While the UAE’s population remains small and the federation does not have a tradition of standing up to the country’s autocracy, Bahrain represents a very different country.
Just off the coast of Saudi Arabia, the island of Bahrain It is among the smallest countries in the world, at only about 760 square kilometers (290 square miles). BahrainIts location on the Persian Gulf has long made it a commercial stopover and a naval defensive position. The island is home to the US Navy’s Fifth Fleet and a recently built British naval base.

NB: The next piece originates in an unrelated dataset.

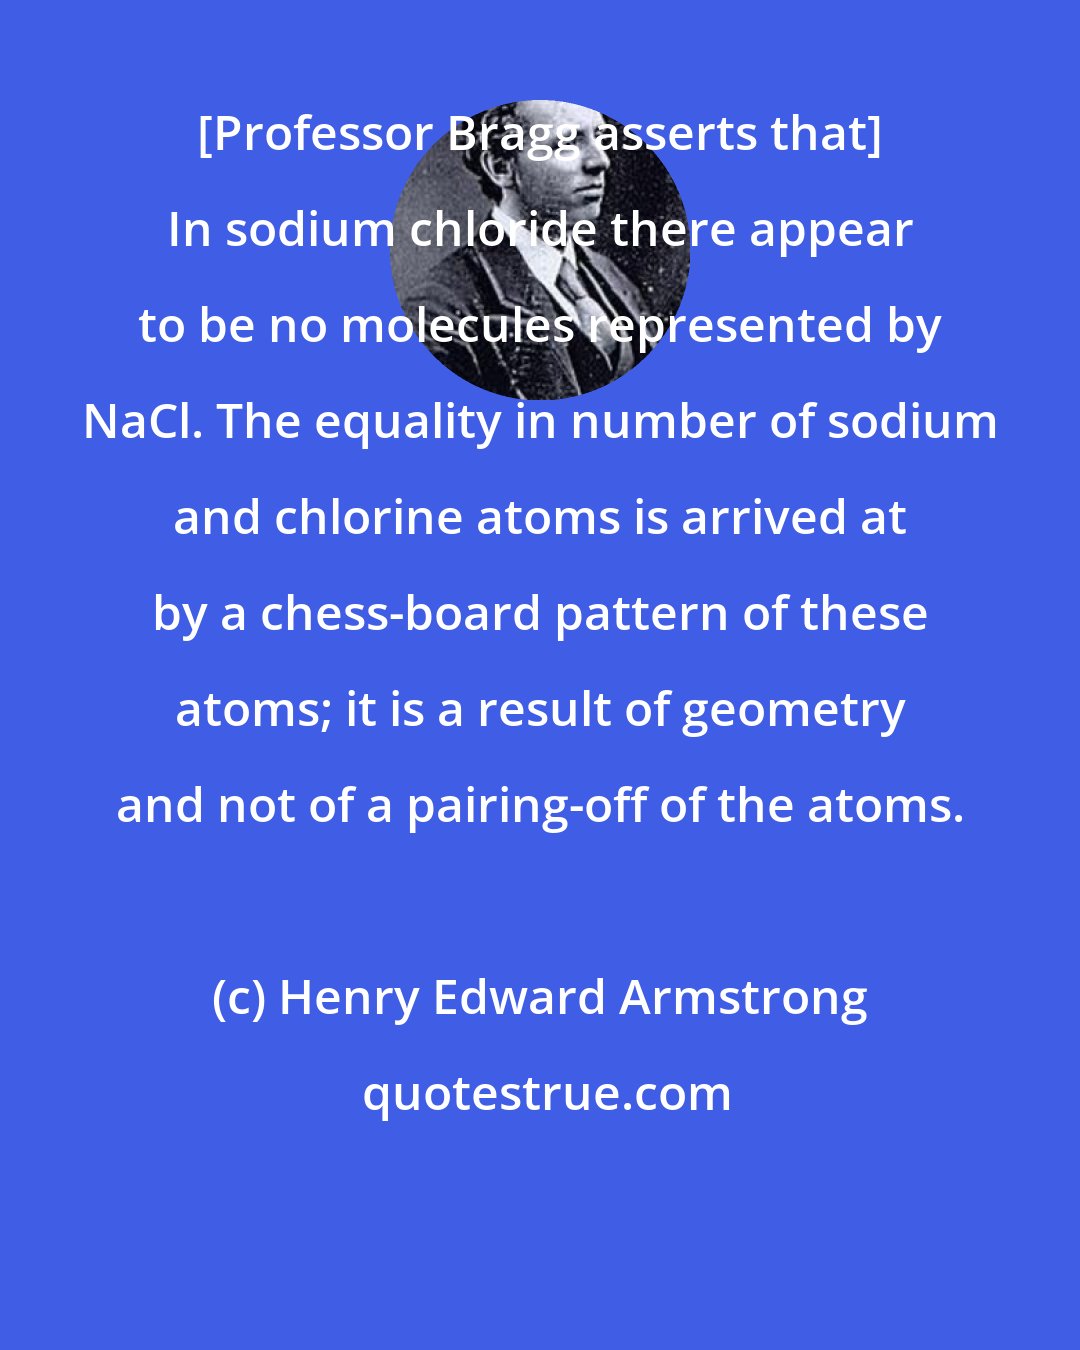 Henry Edward Armstrong: [Professor Bragg asserts that] In sodium chloride there appear to be no molecules represented by NaCl. The equality in number of sodium and chlorine atoms is arrived at by a chess-board pattern of these atoms; it is a result of geometry and not of a pairing-off of the atoms.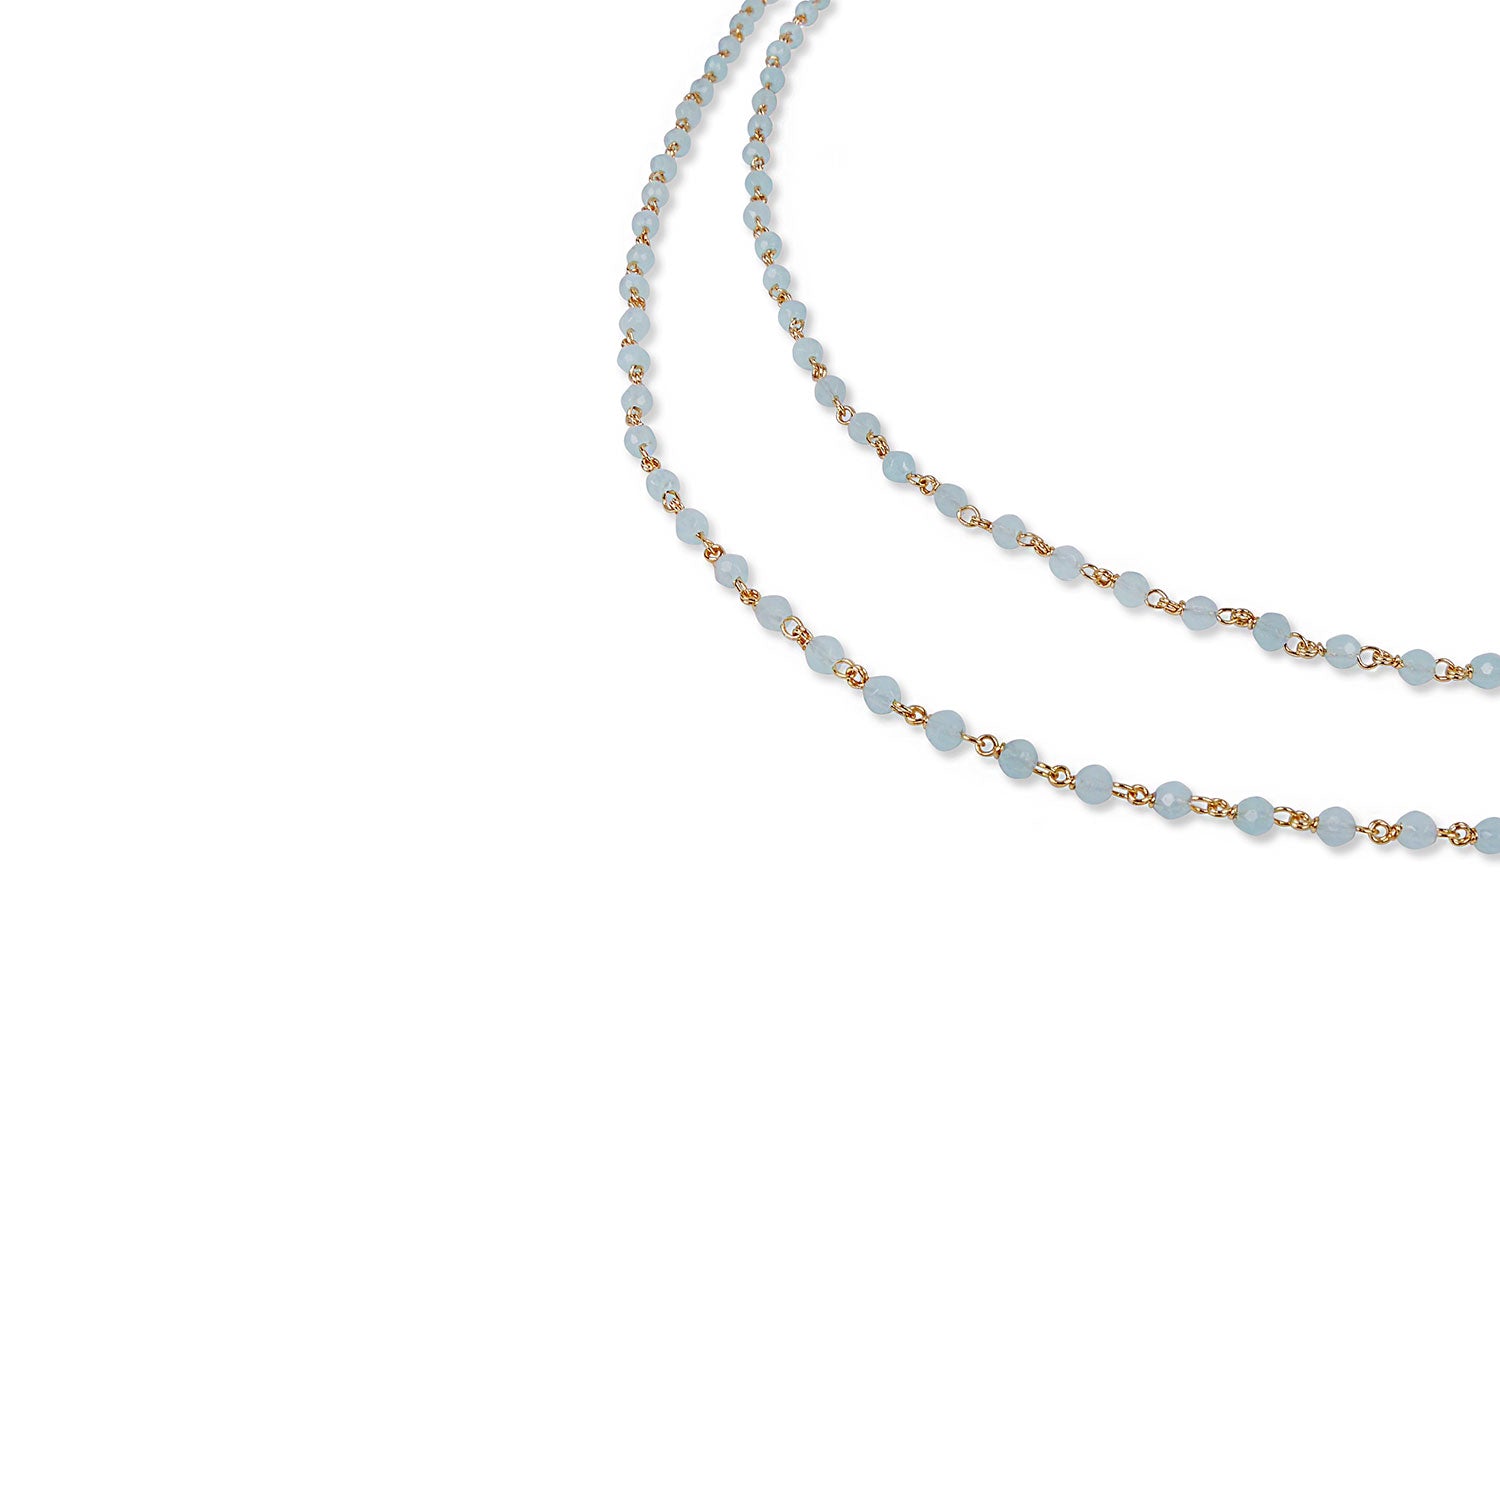 Maria Layered Bead Necklace in Light Blue

Bahrain is well aware of the threats posed by Iran, an anxiety that comes from BahrainShiite majority population, despite being ruled since 1783 by the Sunni Al Khalifa family. Iran under Shah Mohammad Reza Pahlavi had lobbied to take over the island after the British left, although the Bahrainis in 1970 overwhelmingly supported becoming an independent nation and the UN Security Council unanimously backed it.
Since the Iranian Islamic Revolution of 1979, BahrainThe rulers have blamed Iran for arming the militants on the island. Iran denies the accusations. BahrainThe Shiite majority have accused the government of treating them as second-class citizens. Shiites joined pro-democracy activists in demanding more political freedoms in 2011, when the Arab Spring protests swept across the Middle East. Saudi and Emirati troops eventually helped violently quell the demonstrations.
In recent years, Bahrain it has cracked down on all dissidents, jailed activists, and obstructed independent reporting on the island. While the Obama administration stopped the sale of F-16 fighter jets to Bahrain out of human rights concerns, the Trump administration dropped that.